Actually, there was just one shitter (I think).
It was me mostly.

interesting point, reminds me of something I discovered recently related to evolution: The main story people want us to believe is that 4-6 million years ago, humans didn't exist, and that we had a common ancestor with a chimpanzee. They say that this "wan't a chimp" but that it also "wasn't a human." So that means it would have to have features of both. The problem is, chimpanzees don't have features of both, and humans don't have features of both. If humans and chimps don't have features of both, then how could the common ancestor have features of both? That means either humans evoluved from chimps, or chimps evolved from humans. Obviously since humans are more advanced than chimps, the humans must have "evolved" from chimps. However, if chimps evolted into humans, then how are there still chimps? According to evolution, birds evolved from dinosaurs, therefore there are no dinosaurs left. If humans evolved from chimps, then IT MAKES NOT SENSE FOR THERE TO BE ANY CHIMPS

Our ancestors were indistinguishable from one another, in fact they so indistinguishable that they would hybridize with other species and subspecies for a long period of time. They most likely resembled chimps, but walked upright like a man. Think Sahelanthropus, and. I don't mean the machine.

Global warming denial was last week, not that that guarantees it wont be next.

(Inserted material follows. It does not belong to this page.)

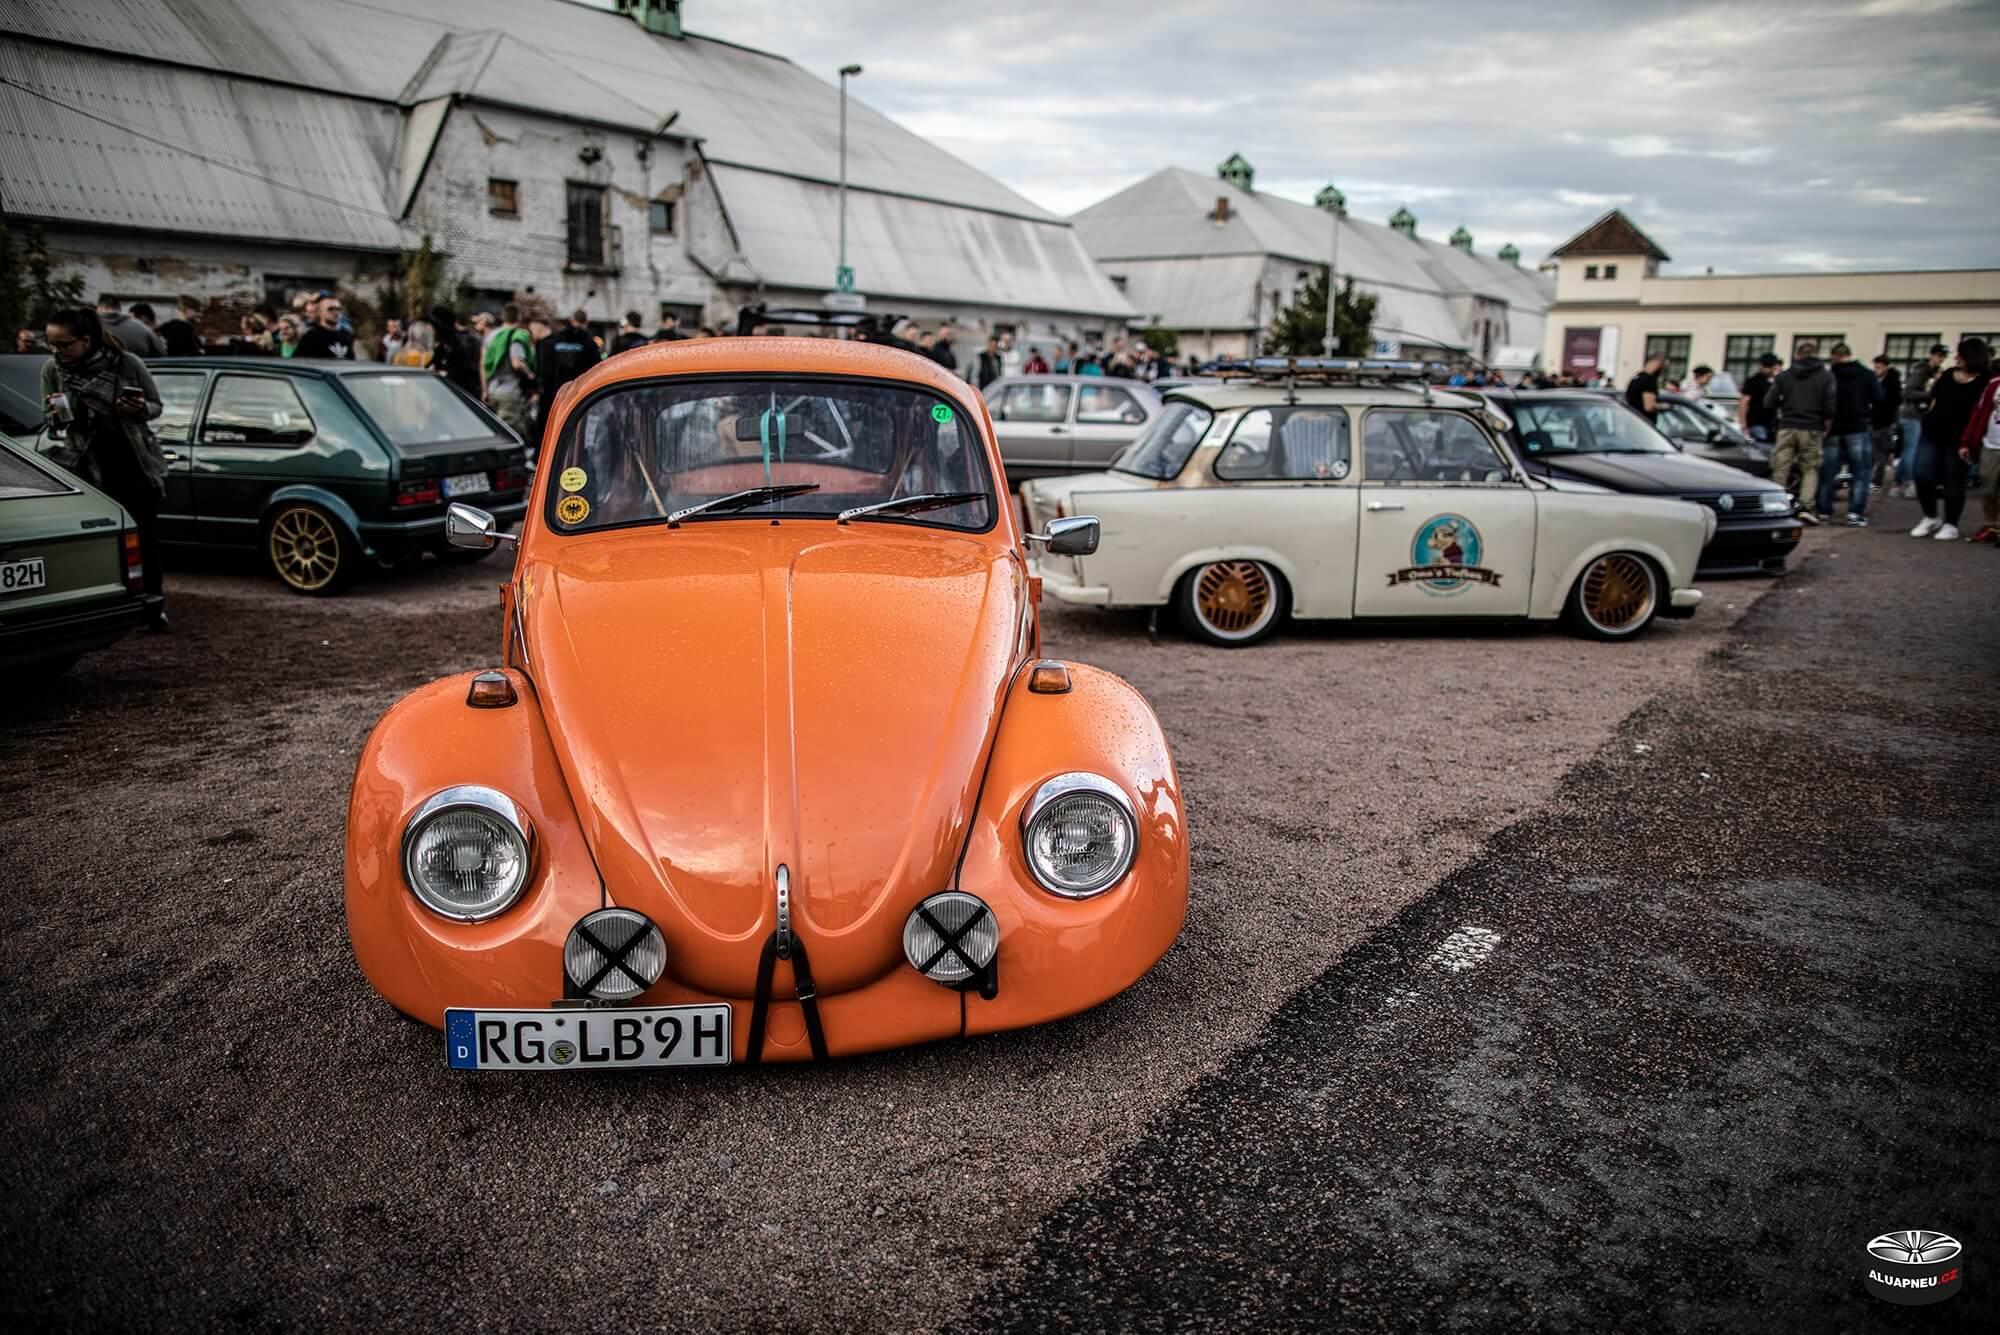 Trabant 601 tuning alu kola - Vw Beetle orange - XS Classic Carnight 5.0 - Drážďany tuning sraz 2019 - www.aluapneu.cz

>So that means it would have to have features of both
< ERROR: illogical conclusion >

The problem with "missing links" is that they are always well-defined creature in it`s own ecological niche, often not related with it`s supposed descendants.
Coelacanth is a deep sea dweller, who never sees the shore.
Even evolutionists agree that archaeopteryx is a separate lineage to birds.
Neandarthals were not a primitive, more chimp-like humans, but a separate lineage that coexisted with Homo sapiens sapiens.
Then scientists put the burden of being "transitional species" on some incomplete or even theoretical fossil.